##### Listed entries

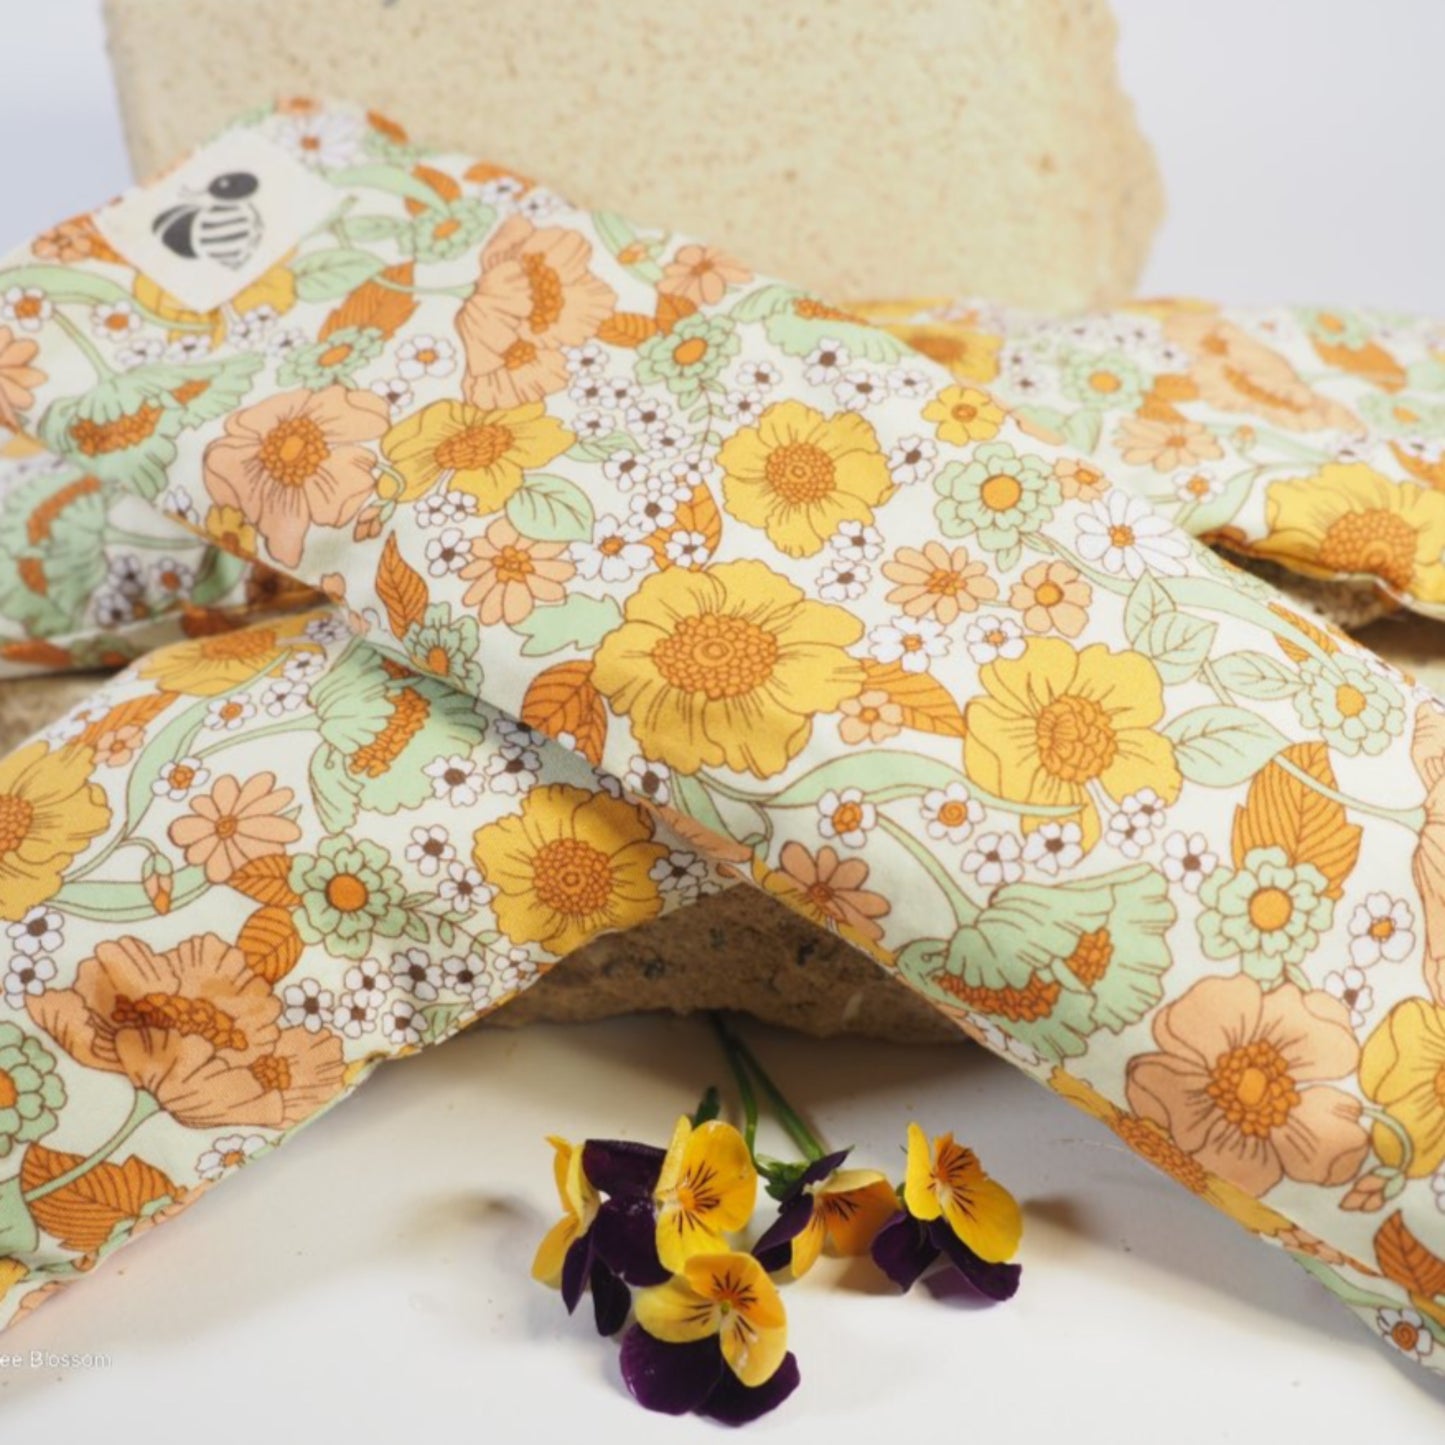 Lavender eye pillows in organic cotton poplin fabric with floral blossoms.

##########
##### Listed entries

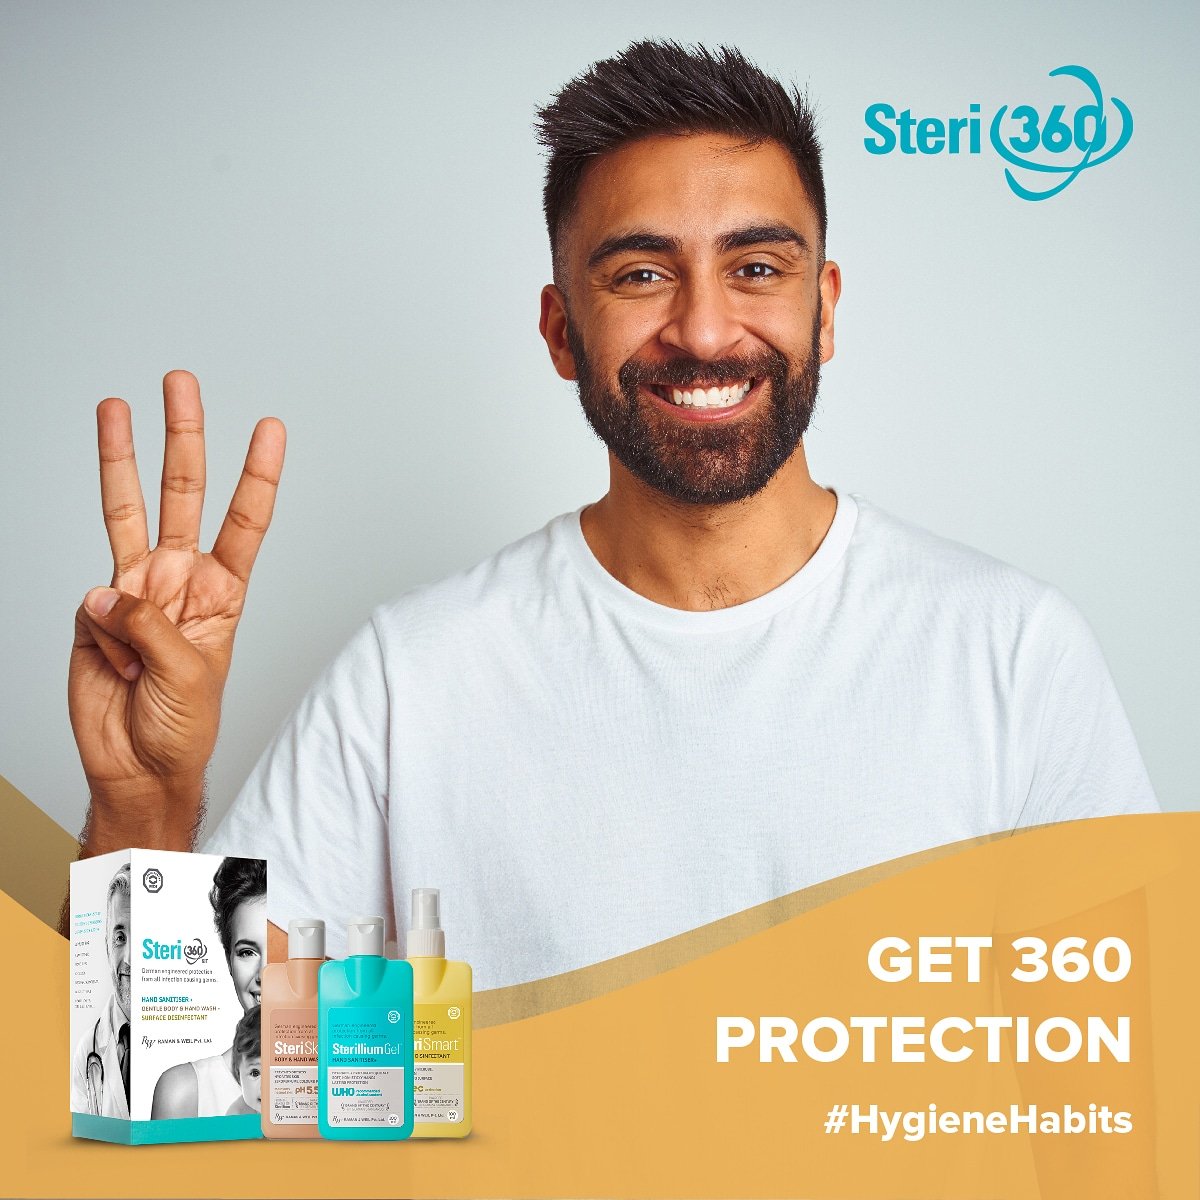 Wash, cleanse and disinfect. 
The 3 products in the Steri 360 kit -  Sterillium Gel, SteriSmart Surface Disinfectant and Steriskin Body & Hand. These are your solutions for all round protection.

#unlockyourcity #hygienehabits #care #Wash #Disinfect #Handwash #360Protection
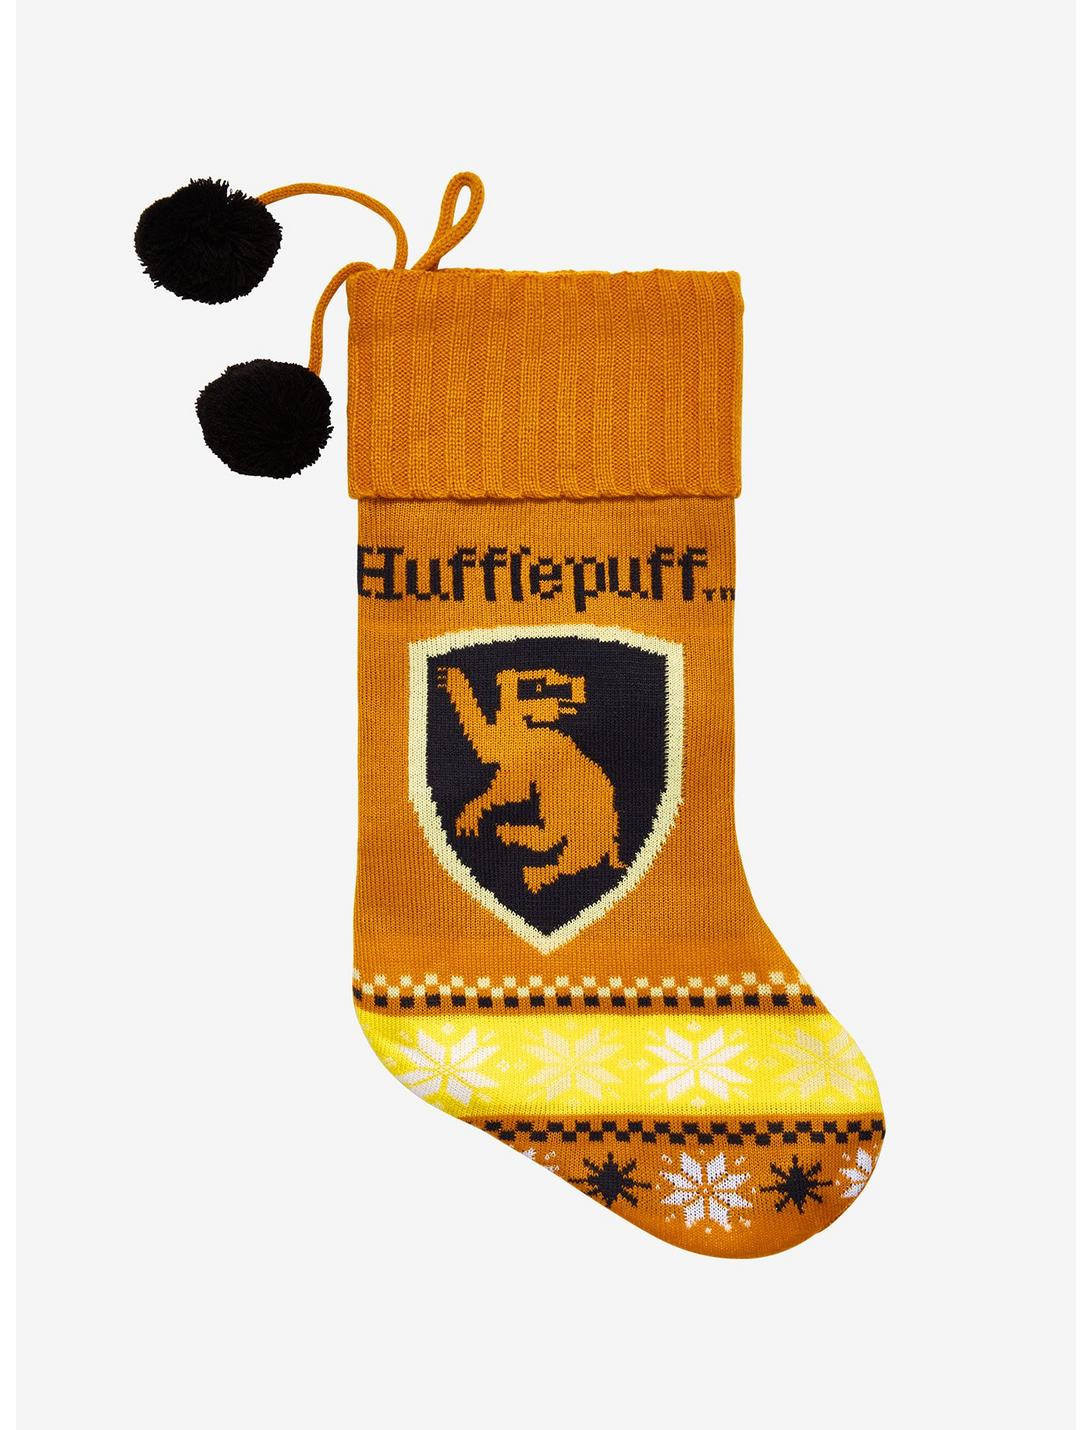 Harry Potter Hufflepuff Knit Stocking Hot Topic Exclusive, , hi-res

##########

▶ [Exercise goal]
Find the line with "The 3 products" in the data above, and from there retype each line exactly through the line with "Harry Potter Hufflepuff", skipping the pictures along the way.

▶ [Response area]
The 3 products in the Steri 360 kit -  Sterillium Gel, SteriSmart Surface Disinfectant and Steriskin Body & Hand. These are your solutions for all round protection.

#unlockyourcity #hygienehabits #care #Wash #Disinfect #Handwash #360Protection
 Harry Potter Hufflepuff Knit Stocking Hot Topic Exclusive, , hi-res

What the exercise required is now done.